Guest
Writer
Poetry
is dead
by Steven
C. Benjamin
I have to submit to much in
order to pacify the touchy tribe of poets.
|
Horace
|
hat
is poetry?
Today's postmodern approach to teaching what should
be creative subjects has teachers asking students for a definition
often on the first or second day of class.
In much the same way, I was once asked for a similar
definition. My teacher, like any other under the enchantment of
self-perceived profundity, asked: "What is science fiction?"
Then he glanced casually over a roomful of students for the few
brave or conceited enough to offer an answer.
What did that teach us? What were we expected to
learn? That dictionaries are no longer politically correct? That
an opinion is never justified? That words mean nothing and therefore
definitions are pointless pursuits for the deluded masses?
The answers, of course, differed. I suppose we were
meant to find this shocking. When the question becomes "What
is poetry?" the result is the same and the answers will differ.
This isn't a profound or even unusual phenomenon.
If I asked "What is a table?" without allowing reference
to a dictionary, the answers would still differ. And yet, people
know where to find tables in a department store, just as they
can find poetry in a bookstore. So why don't we argue over the
definition of tables? Offer classes? Confer degrees? Obviously,
there must be something more.
"Poetry," as defined by The American Heritage
Dictionary:
- The art or work of a poet.
- a. Poems regarded as forming a division of literature.
b. The poetic works of a given author, group, nation or kind.
- A piece of literature written in meter; verse.

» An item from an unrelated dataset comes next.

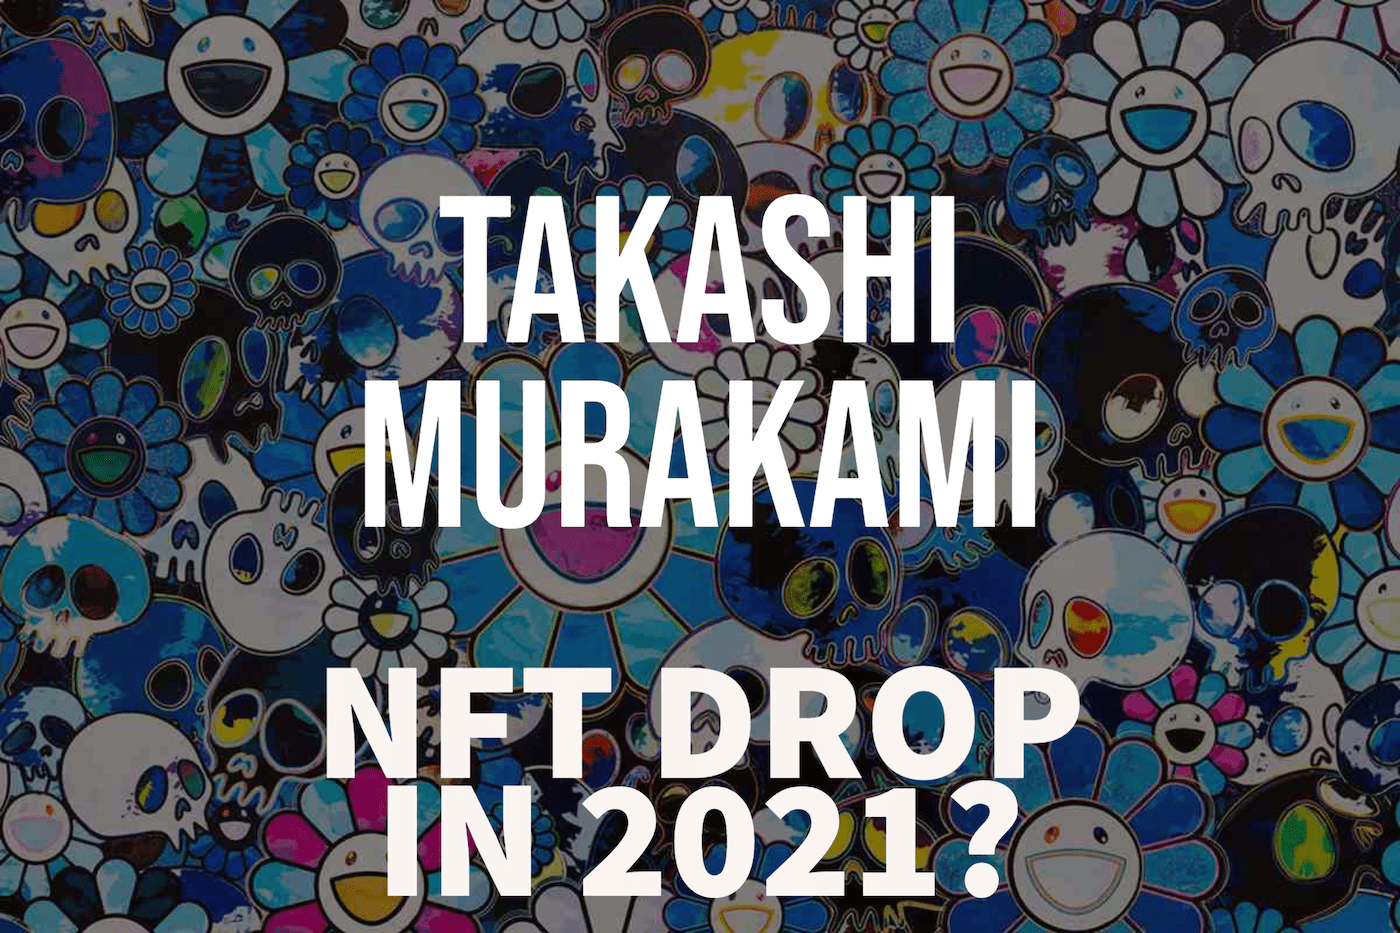 Takashi Murakami - NFT Drop 2021
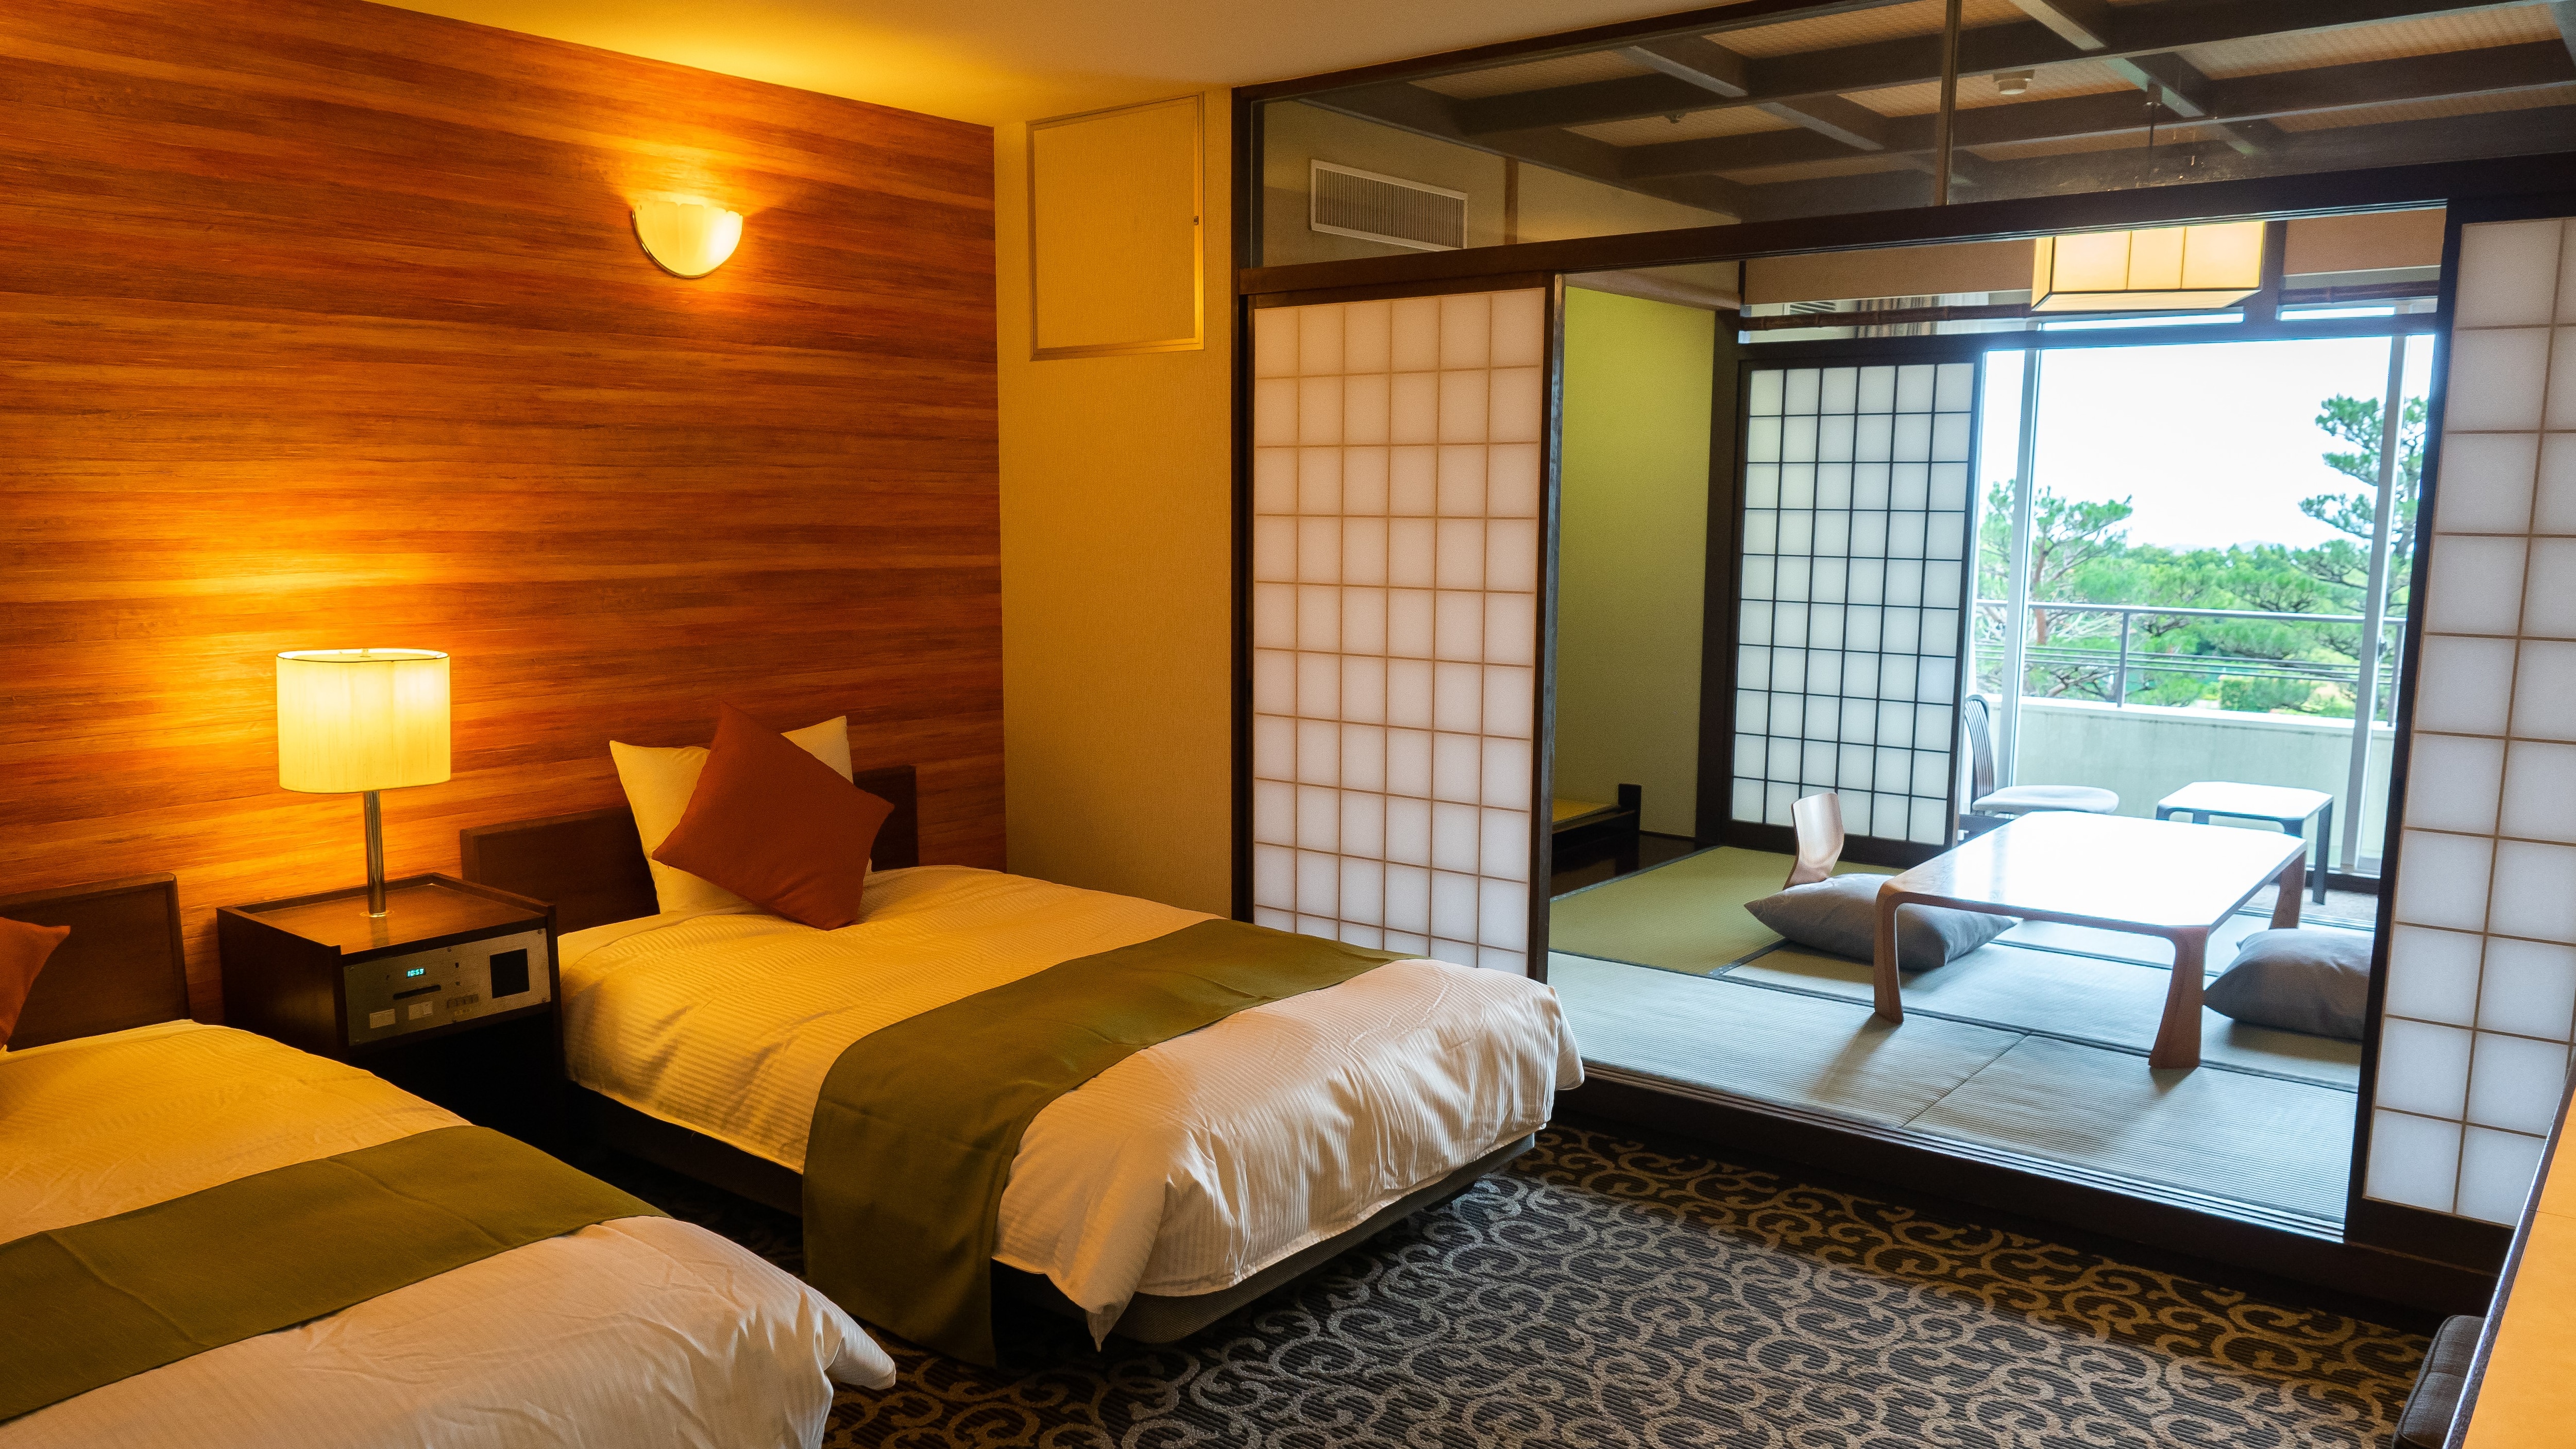 ห้องพักสไตล์ญี่ปุ่น-ตะวันตก ปลอดบุหรี่ (ห้องเซมิดับเบิล 2 เตียง + ห้องปูเสื่อทาทามิ 6 ห้อง ชั้น 1)

- Prose that resembles a poem in some respect, as form or
sound.
- The essence of or characteristic quality possessed by a
poem.
- The quality of a poem, as possessed by an object, act or
experience:
the poetry of her dance movements.
"Poet," as defined by The American Heritage
Dictionary:
- A writer of poems.
- One who is esp. gifted in the perception and expression
of the beautiful or lyrical.
"Poem," as defined by The American Heritage
Dictionary:
- A composition designed to convey a vivid and imaginative
sense of experience, characterized by the use of condensed
language chosen for its sound and suggestive power as well
as its meaning, and by the use of such literary techniques
as structured meter, natural cadences, rhyme or metaphor.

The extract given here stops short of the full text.